図2】プロセッサにより実現される機能を示すブロック図である。
図3】本発明の一実施形態において行われる処理全体の手順を示すフローチャートである。
図4】用件選択受付の一例を示す図である。
図5】トークスクリプト表示の一例を示す図である。
図6】管制員端末のデュアルディスプレイに表示される画面の一例を示す図である。
図7】第1の変形例に係る処理全体の手順を示すフローチャートの一部である。
図8】第2の変形例に係る処理全体の手順を示すフローチャートの一部である。
【発明を実施するための形態】
【0014】
以下の説明では、「インターフェース装置」は、一つ以上のインターフェースデバイスでよい。当該一つ以上のインターフェースデバイスは、下記のうちの少なくとも一つでよい。

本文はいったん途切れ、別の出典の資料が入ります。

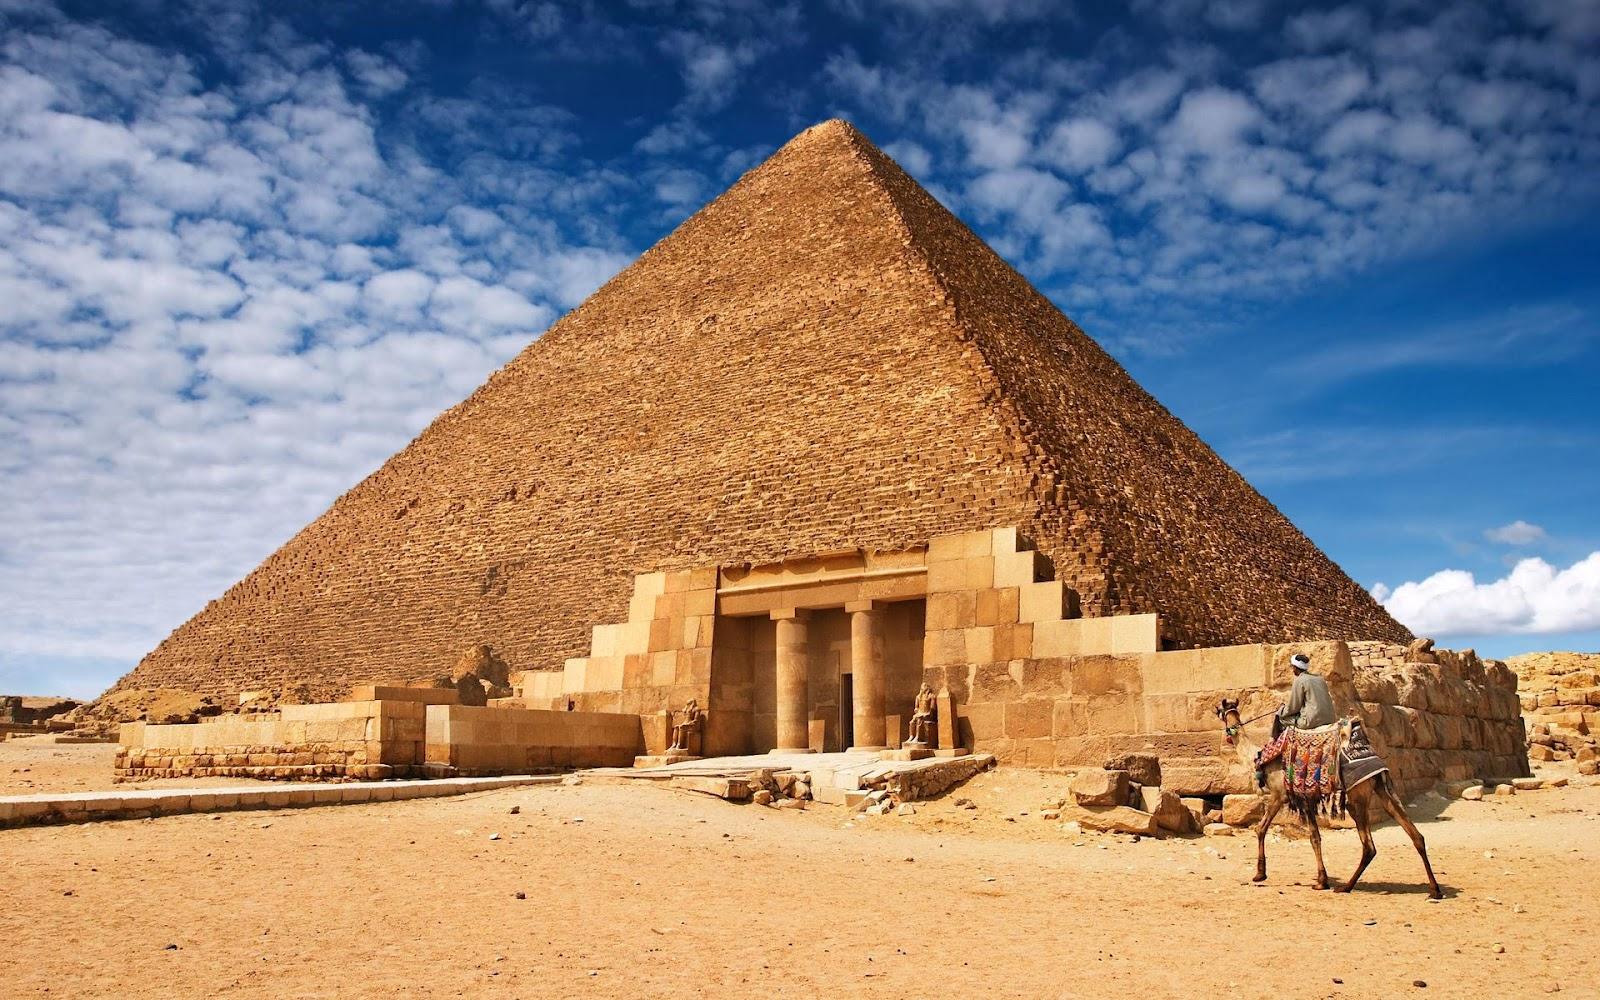 http://1.bp.blogspot.com/-5riNbRP1NJA/T_71bSssrpI/AAAAAAAAE0A/CgO9EfeSWZc/s1600/Egyptian-Pyramids-HD-Wallpaper.jpg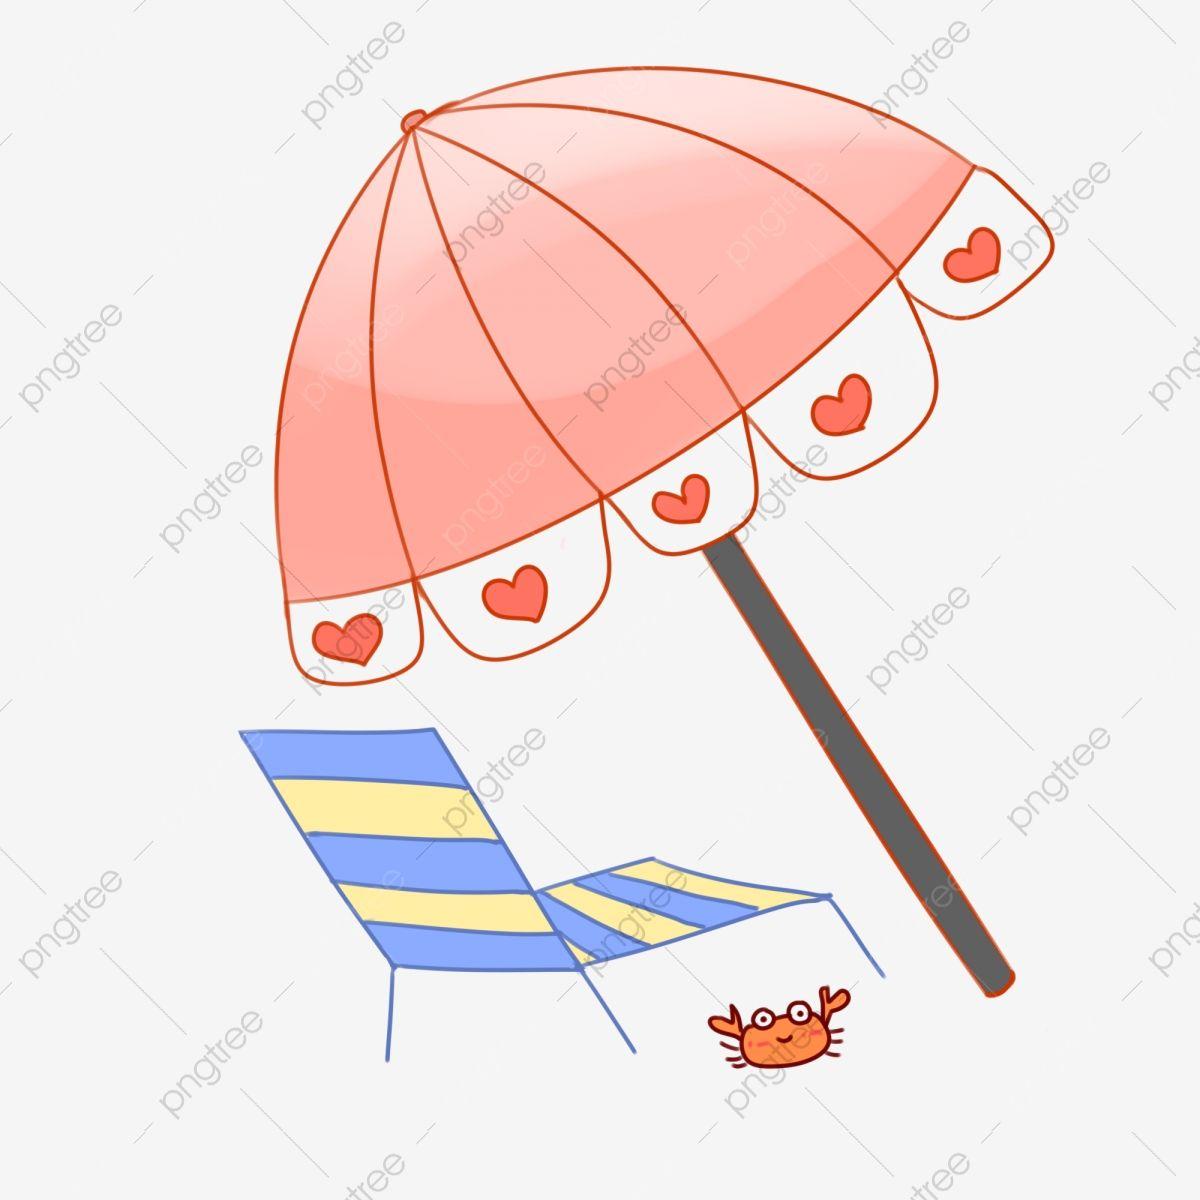 A Orillas Del Mar Ocio Paraguas De Sol Sillon Ocio Playa Sombrilla A Orillas Del Mar Png Y Psd Para Descargar Gratis Pngtree Paraguas Orilla Del Mar Papel De Dibujo

・一つ以上のI/O(Input/Output)インターフェースデバイス。I/O(Input/Output)インターフェースデバイスは、I/Oデバイスと遠隔の表示用計算機とのうちの少なくとも一つに対するインターフェースデバイスである。表示用計算機に対するI/Oインターフェースデバイスは、通信インターフェースデバイスでよい。少なくとも一つのI/Oデバイスは、ユーザインターフェースデバイス、例えば、キーボード及びポインティングデバイスのような入力デバイスと、表示デバイスのような出力デバイスとのうちのいずれでもよい。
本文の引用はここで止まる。